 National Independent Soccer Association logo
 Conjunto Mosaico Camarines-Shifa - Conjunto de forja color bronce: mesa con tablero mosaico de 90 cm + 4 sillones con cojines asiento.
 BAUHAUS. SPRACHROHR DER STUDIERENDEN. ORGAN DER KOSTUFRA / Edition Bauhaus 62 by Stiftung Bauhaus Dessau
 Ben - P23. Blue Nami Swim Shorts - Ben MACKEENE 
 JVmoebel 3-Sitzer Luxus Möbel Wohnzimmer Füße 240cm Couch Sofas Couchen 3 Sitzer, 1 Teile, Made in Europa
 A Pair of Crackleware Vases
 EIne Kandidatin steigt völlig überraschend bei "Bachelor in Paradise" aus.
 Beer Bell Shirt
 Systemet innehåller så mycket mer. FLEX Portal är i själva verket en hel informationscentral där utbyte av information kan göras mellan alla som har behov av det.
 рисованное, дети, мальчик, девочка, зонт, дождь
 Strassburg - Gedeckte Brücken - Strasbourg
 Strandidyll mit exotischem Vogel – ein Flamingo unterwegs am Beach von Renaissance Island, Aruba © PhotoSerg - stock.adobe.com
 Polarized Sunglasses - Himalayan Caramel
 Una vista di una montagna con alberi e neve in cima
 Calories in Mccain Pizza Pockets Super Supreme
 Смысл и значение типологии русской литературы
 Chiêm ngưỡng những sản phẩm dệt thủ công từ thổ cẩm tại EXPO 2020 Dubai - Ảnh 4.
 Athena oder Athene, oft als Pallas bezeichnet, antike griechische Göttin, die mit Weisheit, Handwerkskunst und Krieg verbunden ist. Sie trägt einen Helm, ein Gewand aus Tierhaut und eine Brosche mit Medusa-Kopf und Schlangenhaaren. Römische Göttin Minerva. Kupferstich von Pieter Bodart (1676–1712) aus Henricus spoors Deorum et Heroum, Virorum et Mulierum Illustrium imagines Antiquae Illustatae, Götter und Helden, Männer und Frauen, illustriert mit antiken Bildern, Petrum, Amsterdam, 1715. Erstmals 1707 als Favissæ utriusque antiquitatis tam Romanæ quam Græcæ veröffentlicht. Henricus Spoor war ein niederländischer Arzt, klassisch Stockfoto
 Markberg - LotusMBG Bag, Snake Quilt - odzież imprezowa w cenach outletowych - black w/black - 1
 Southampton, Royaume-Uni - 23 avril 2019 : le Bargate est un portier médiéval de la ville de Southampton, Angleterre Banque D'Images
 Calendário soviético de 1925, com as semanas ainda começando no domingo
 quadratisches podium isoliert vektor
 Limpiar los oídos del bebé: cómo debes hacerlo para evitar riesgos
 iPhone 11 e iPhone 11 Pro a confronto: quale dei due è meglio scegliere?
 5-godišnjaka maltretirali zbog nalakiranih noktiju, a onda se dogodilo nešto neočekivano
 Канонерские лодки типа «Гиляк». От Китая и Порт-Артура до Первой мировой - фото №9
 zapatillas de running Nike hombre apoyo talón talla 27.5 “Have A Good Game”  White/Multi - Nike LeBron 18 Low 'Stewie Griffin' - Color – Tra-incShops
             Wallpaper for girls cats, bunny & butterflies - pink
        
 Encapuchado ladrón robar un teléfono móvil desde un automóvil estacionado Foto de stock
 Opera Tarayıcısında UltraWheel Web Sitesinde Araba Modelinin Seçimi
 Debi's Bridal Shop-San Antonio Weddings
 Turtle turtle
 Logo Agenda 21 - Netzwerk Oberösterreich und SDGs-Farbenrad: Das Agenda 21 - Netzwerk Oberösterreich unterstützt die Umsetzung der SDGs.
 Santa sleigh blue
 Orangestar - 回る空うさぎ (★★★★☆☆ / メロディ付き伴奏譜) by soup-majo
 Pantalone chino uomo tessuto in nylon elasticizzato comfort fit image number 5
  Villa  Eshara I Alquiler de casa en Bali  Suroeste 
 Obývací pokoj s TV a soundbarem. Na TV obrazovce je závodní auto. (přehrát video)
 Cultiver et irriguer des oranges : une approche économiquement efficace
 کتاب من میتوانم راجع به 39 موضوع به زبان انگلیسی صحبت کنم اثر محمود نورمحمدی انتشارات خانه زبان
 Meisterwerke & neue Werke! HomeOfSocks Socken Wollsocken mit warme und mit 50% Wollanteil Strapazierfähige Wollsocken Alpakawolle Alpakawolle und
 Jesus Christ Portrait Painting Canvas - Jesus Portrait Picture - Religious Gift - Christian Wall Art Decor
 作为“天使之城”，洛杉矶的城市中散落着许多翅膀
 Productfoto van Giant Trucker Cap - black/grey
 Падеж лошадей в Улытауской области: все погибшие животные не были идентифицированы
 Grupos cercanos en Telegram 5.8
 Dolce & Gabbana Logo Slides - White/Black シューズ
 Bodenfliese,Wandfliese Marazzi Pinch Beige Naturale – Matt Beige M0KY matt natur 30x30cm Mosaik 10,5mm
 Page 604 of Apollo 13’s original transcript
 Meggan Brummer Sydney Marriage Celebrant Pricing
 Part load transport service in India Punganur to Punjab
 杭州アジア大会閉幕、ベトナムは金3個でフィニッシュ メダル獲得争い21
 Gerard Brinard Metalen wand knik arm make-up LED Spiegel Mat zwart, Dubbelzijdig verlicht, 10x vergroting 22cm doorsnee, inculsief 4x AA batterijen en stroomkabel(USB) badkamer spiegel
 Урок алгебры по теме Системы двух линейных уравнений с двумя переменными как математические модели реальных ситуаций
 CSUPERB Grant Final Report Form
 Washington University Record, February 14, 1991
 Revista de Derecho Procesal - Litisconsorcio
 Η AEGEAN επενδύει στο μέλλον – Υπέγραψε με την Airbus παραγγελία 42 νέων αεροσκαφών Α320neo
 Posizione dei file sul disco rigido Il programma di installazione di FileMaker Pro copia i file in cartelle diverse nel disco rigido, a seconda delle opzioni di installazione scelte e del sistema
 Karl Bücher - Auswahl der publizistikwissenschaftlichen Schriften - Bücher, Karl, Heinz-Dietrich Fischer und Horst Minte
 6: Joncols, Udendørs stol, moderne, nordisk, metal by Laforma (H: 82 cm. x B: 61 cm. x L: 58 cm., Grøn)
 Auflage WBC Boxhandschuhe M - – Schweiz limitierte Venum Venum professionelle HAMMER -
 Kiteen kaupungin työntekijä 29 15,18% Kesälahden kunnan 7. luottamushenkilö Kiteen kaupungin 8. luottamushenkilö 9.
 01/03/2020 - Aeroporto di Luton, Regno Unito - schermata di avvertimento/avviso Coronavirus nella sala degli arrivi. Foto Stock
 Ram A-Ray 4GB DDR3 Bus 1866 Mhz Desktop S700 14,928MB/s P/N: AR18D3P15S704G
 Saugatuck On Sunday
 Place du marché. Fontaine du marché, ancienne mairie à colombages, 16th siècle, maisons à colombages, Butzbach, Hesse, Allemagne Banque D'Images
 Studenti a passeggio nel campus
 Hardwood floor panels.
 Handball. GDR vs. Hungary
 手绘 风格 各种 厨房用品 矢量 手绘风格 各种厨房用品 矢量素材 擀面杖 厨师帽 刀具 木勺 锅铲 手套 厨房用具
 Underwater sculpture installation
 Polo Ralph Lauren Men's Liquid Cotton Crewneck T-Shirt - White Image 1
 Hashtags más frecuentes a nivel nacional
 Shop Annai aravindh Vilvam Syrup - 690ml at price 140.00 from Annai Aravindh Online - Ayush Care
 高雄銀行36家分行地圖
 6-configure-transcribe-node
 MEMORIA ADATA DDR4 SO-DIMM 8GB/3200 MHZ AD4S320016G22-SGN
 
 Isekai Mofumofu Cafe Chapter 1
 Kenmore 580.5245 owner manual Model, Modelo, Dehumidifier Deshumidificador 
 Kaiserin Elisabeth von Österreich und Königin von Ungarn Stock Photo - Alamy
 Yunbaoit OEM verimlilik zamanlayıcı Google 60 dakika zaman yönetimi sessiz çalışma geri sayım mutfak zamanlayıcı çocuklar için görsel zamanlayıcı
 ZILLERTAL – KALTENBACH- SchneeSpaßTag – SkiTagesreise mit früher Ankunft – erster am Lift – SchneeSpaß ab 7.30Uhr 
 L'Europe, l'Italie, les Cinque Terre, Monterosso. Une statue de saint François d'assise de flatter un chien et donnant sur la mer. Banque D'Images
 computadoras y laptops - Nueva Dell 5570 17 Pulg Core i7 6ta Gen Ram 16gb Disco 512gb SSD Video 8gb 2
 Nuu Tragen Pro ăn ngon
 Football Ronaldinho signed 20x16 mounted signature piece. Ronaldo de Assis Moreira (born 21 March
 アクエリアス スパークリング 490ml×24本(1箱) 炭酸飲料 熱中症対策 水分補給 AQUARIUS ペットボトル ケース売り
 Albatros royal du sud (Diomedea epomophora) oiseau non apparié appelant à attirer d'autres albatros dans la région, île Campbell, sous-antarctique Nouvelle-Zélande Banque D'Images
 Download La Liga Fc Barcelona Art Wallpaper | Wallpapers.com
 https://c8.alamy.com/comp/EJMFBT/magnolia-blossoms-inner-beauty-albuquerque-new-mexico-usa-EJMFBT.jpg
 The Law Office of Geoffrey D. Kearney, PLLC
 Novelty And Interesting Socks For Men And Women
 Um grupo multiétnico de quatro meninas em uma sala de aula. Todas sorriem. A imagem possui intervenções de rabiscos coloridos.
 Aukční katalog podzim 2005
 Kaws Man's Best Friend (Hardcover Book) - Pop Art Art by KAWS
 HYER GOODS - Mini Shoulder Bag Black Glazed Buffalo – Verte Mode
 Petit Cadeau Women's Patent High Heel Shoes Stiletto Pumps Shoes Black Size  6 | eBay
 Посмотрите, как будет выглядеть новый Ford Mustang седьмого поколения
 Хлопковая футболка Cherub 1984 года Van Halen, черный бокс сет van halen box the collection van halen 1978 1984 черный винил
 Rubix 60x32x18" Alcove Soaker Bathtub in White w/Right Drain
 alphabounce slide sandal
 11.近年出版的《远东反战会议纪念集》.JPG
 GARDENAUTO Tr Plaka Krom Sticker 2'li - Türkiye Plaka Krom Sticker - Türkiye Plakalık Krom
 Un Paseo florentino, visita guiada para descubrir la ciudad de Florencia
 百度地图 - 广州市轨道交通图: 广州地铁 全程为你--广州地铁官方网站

## WORK REQUEST
Please give back exactly the lines of the listing above that run from the one containing "Hardwood floor panels." through the one containing "Novelty And Interesting", and only those.

## RESPONSE
 Hardwood floor panels.
 Handball. GDR vs. Hungary
 手绘 风格 各种 厨房用品 矢量 手绘风格 各种厨房用品 矢量素材 擀面杖 厨师帽 刀具 木勺 锅铲 手套 厨房用具
 Underwater sculpture installation
 Polo Ralph Lauren Men's Liquid Cotton Crewneck T-Shirt - White Image 1
 Hashtags más frecuentes a nivel nacional
 Shop Annai aravindh Vilvam Syrup - 690ml at price 140.00 from Annai Aravindh Online - Ayush Care
 高雄銀行36家分行地圖
 6-configure-transcribe-node
 MEMORIA ADATA DDR4 SO-DIMM 8GB/3200 MHZ AD4S320016G22-SGN
 
 Isekai Mofumofu Cafe Chapter 1
 Kenmore 580.5245 owner manual Model, Modelo, Dehumidifier Deshumidificador 
 Kaiserin Elisabeth von Österreich und Königin von Ungarn Stock Photo - Alamy
 Yunbaoit OEM verimlilik zamanlayıcı Google 60 dakika zaman yönetimi sessiz çalışma geri sayım mutfak zamanlayıcı çocuklar için görsel zamanlayıcı
 ZILLERTAL – KALTENBACH- SchneeSpaßTag – SkiTagesreise mit früher Ankunft – erster am Lift – SchneeSpaß ab 7.30Uhr 
 L'Europe, l'Italie, les Cinque Terre, Monterosso. Une statue de saint François d'assise de flatter un chien et donnant sur la mer. Banque D'Images
 computadoras y laptops - Nueva Dell 5570 17 Pulg Core i7 6ta Gen Ram 16gb Disco 512gb SSD Video 8gb 2
 Nuu Tragen Pro ăn ngon
 Football Ronaldinho signed 20x16 mounted signature piece. Ronaldo de Assis Moreira (born 21 March
 アクエリアス スパークリング 490ml×24本(1箱) 炭酸飲料 熱中症対策 水分補給 AQUARIUS ペットボトル ケース売り
 Albatros royal du sud (Diomedea epomophora) oiseau non apparié appelant à attirer d'autres albatros dans la région, île Campbell, sous-antarctique Nouvelle-Zélande Banque D'Images
 Download La Liga Fc Barcelona Art Wallpaper | Wallpapers.com
 https://c8.alamy.com/comp/EJMFBT/magnolia-blossoms-inner-beauty-albuquerque-new-mexico-usa-EJMFBT.jpg
 The Law Office of Geoffrey D. Kearney, PLLC
 Novelty And Interesting Socks For Men And Women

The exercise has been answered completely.